There are periods in a company’s life when it can easily lose focus and wander down a path of misguided product or service offerings that can cause ambiguous brand positioning. One is driven by an unexpected and desperate need to make money and the other occurs when a company drinks the sweet liquor of success.

outbackBrands of all shapes and sizes need to use strategy guides and consciences to stay on the right path, whether your company is soaring at its highest of highs or wallowing in its lowest of lows. Here are three practices to enforce this:

Know Yourself.
Stay Focused.
Be Consistent.

A company that has followed these is the automaker, Subaru. In the 1980s Subaru enjoyed consistent growth, which peaked in 1986 when it sold over 180,000 vehicles from a mix of All-Wheel-Drive (AWD) and Front-Wheel-Drive (FWD) cars and station wagons.

Sales began to slide in 1987 and continued in that direction until finally bottoming out in 1994, when Subaru sold only 100,000 vehicles – a shocking 80 percent drop in seven years. Subaru found itself wallowing in its lowest of lows. At this point Subaru could have picked one of two paths: staying the course (easy) or stopping and getting focused (not so easy).

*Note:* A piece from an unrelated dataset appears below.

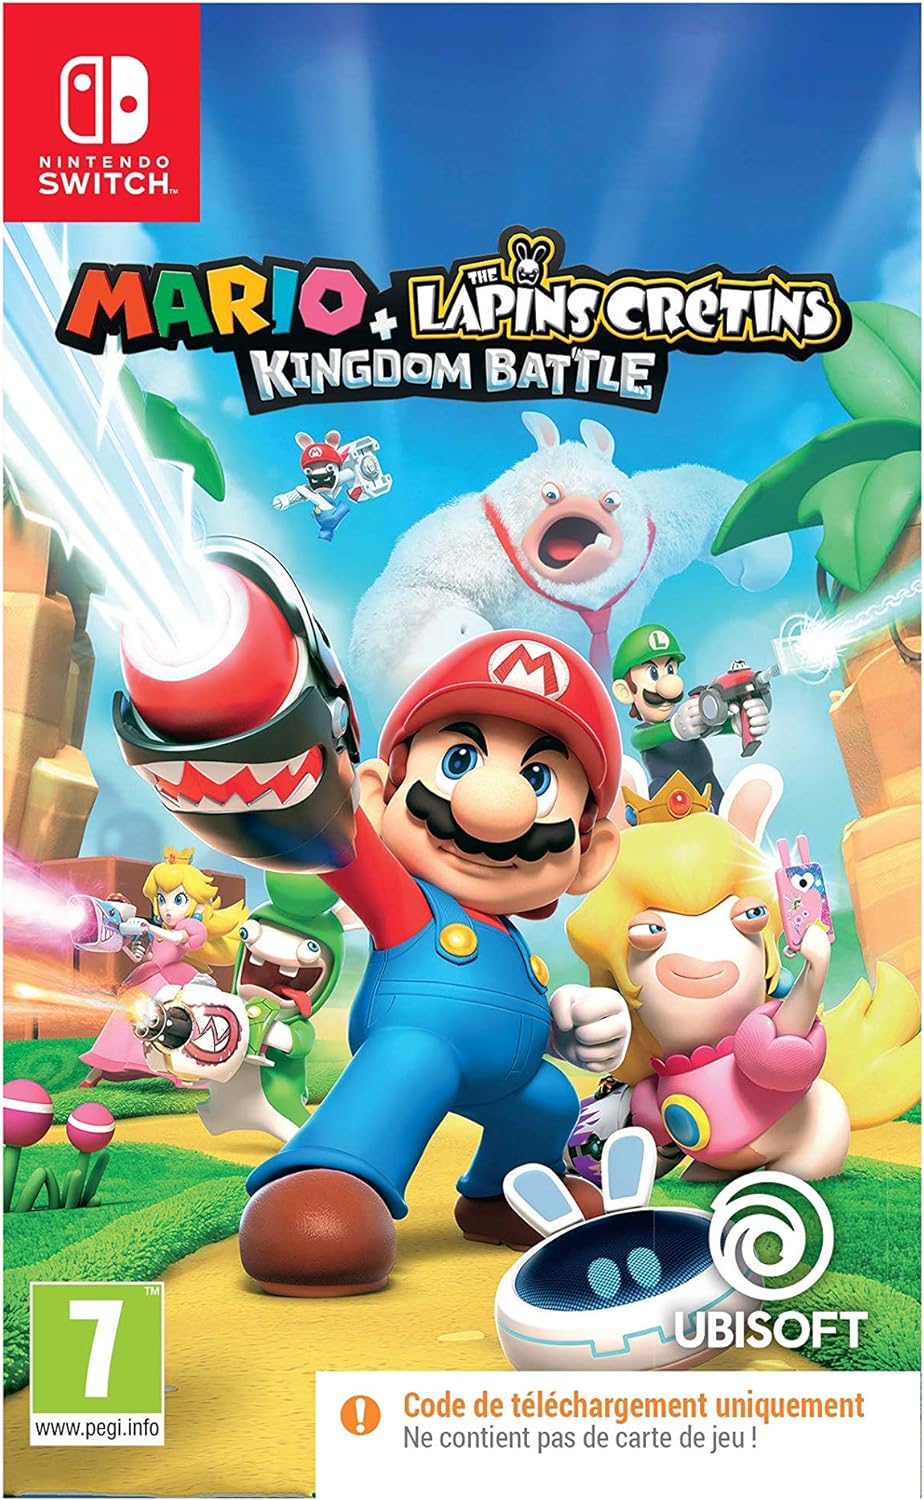 Mario + The Lapins Crétins Kingdom Battle Code In Box (Nintendo Switch).jpg
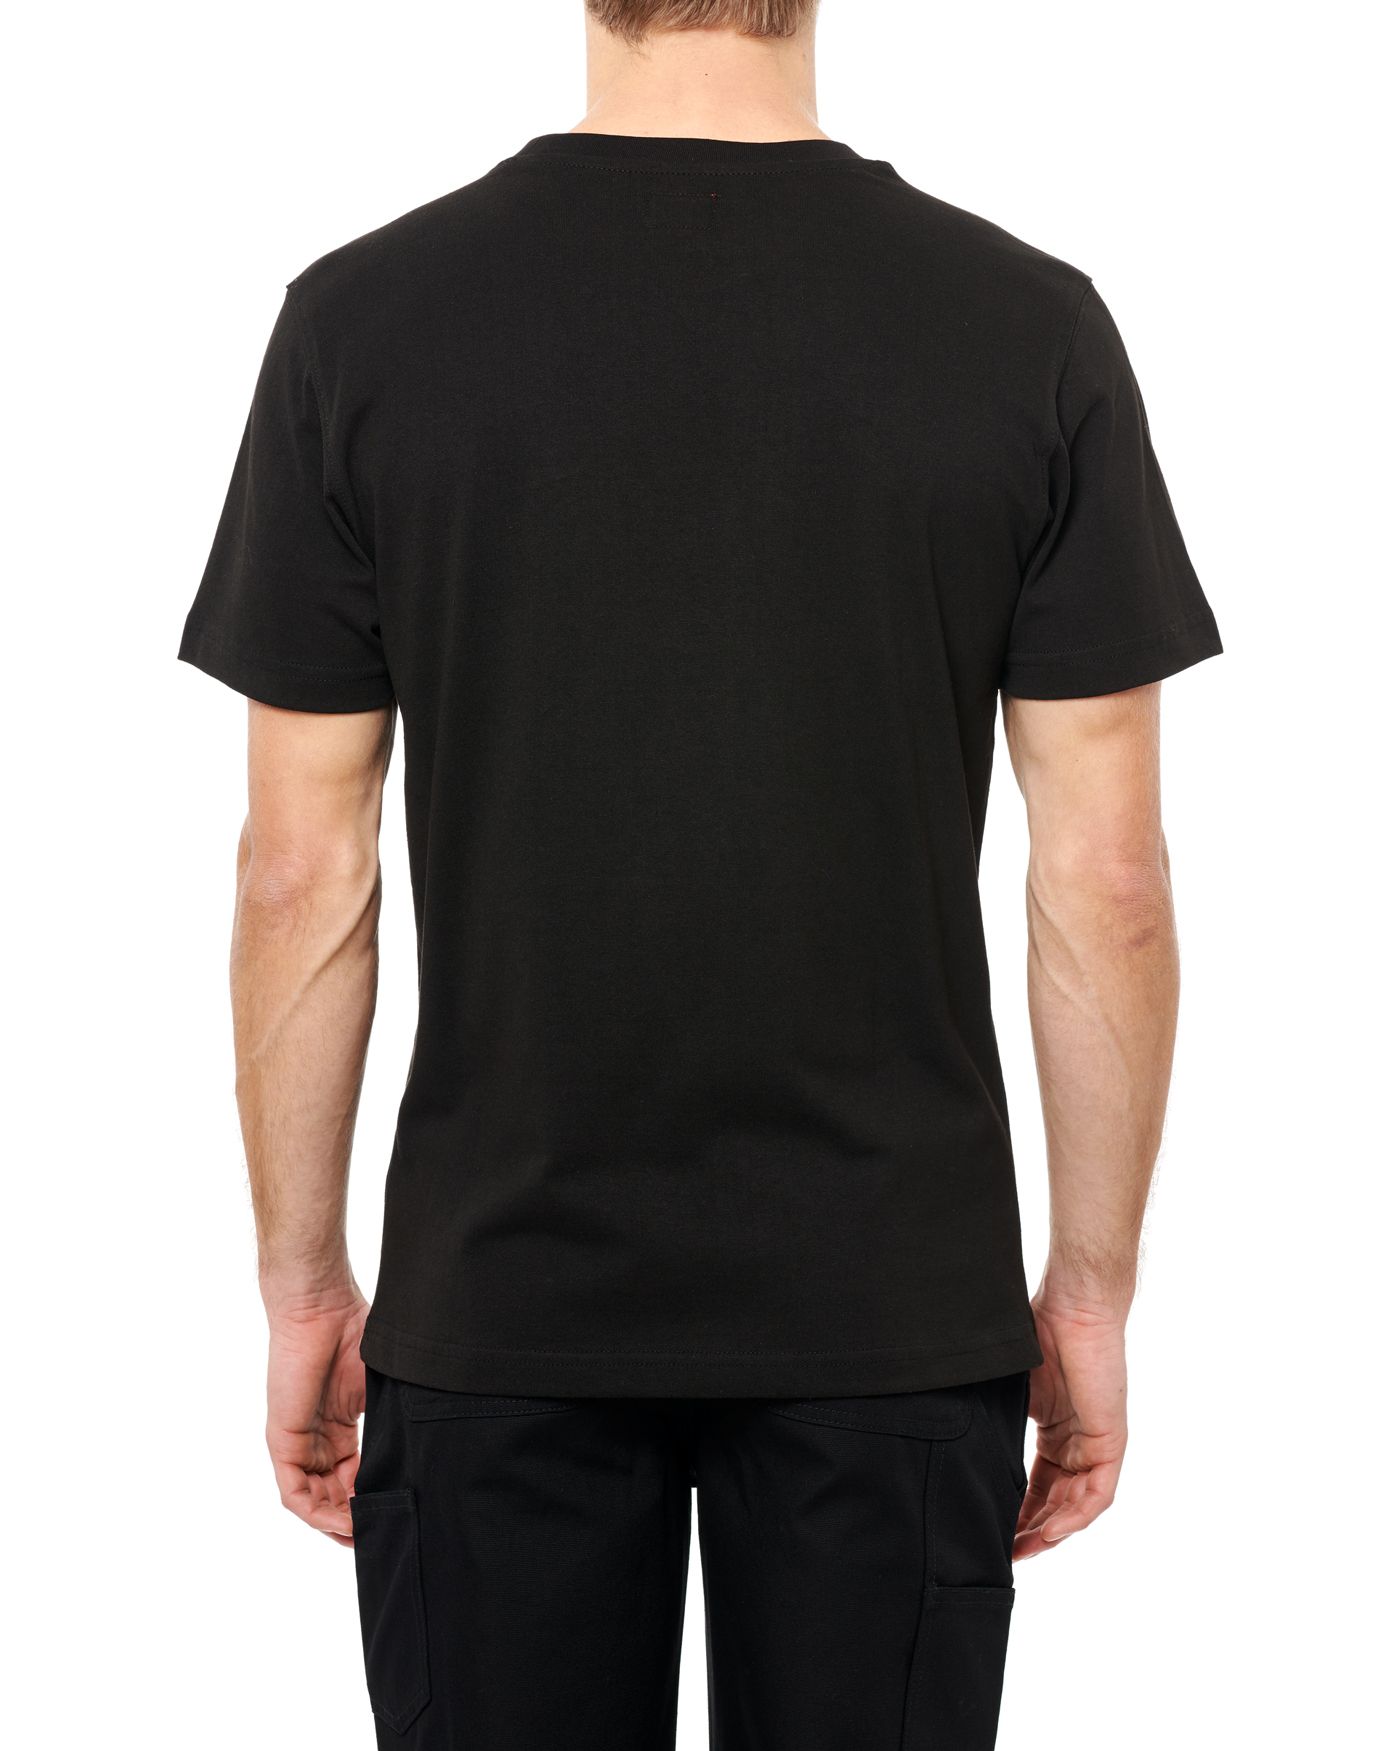 Photo of Bob Cat S/S T-shirt, Black

Some very smart people picked the not-so-easy path. To move forward Subaru realized it had to worry only about Subaru – not its competition. They looked in the mirror for some serious and difficult self-evaluation and soul-searching to determine what the company could do well that would differentiate it in the marketplace. Subaru took the time to understand Subaru and what it had to do to be successful.

“We realized we couldn’t compete with the biggies and go after the same kind of mass-market customer, said Mike Hafertepe, vice president, Great Lakes Region, Subaru of America. “We felt we could produce a great product for a specific kind of customer, a niche. That product was the Outback.”

Since introducing the Subaru Outback in 1994 (using “Crocodile Dundee” Paul Hogan to establish the brand with great success), the company has stayed true to itself. It knows what it can and cannot do, stayed focused – it only produces AWD vehicles – and has been consistent in only making cars for specific, somewhat utilitarian, niches.

Being focused did not mean that Subaru would only sell Outbacks for the rest of its days, although Subaru did allow time for its brand evolution and new focus on AWD cars take root. The company needed the Outback to prove that they were right and build success before making other moves.

Hafertepe underscores Subaru’s brand and philosophical evolution and progress when he notes, “we now consider ourselves a niche marketer and automaker of a very focused product.” That alone is a significant departure from the Subaru 1980’s mindset of “inexpensive and built to stay that way.”

Twelve years after launching its brand evolution with the Outback, Subaru has been able to grow into a very strong brand with very loyal customers who make their cars a part of their life and adventure pursuits. More proof arrived in 2006 when it reached all-time sales records, selling over 200,000 cars.

One struggle that Subaru encounters? Its customers hold on to their Subarus for a very long time – over seven years on average!

The Subaru story is a great example, no matter how hard it might seem, taking time to know your company, getting focused and being consistent can pay off in the long run. These practices can help you turn the proverbial corner and build a more successful future.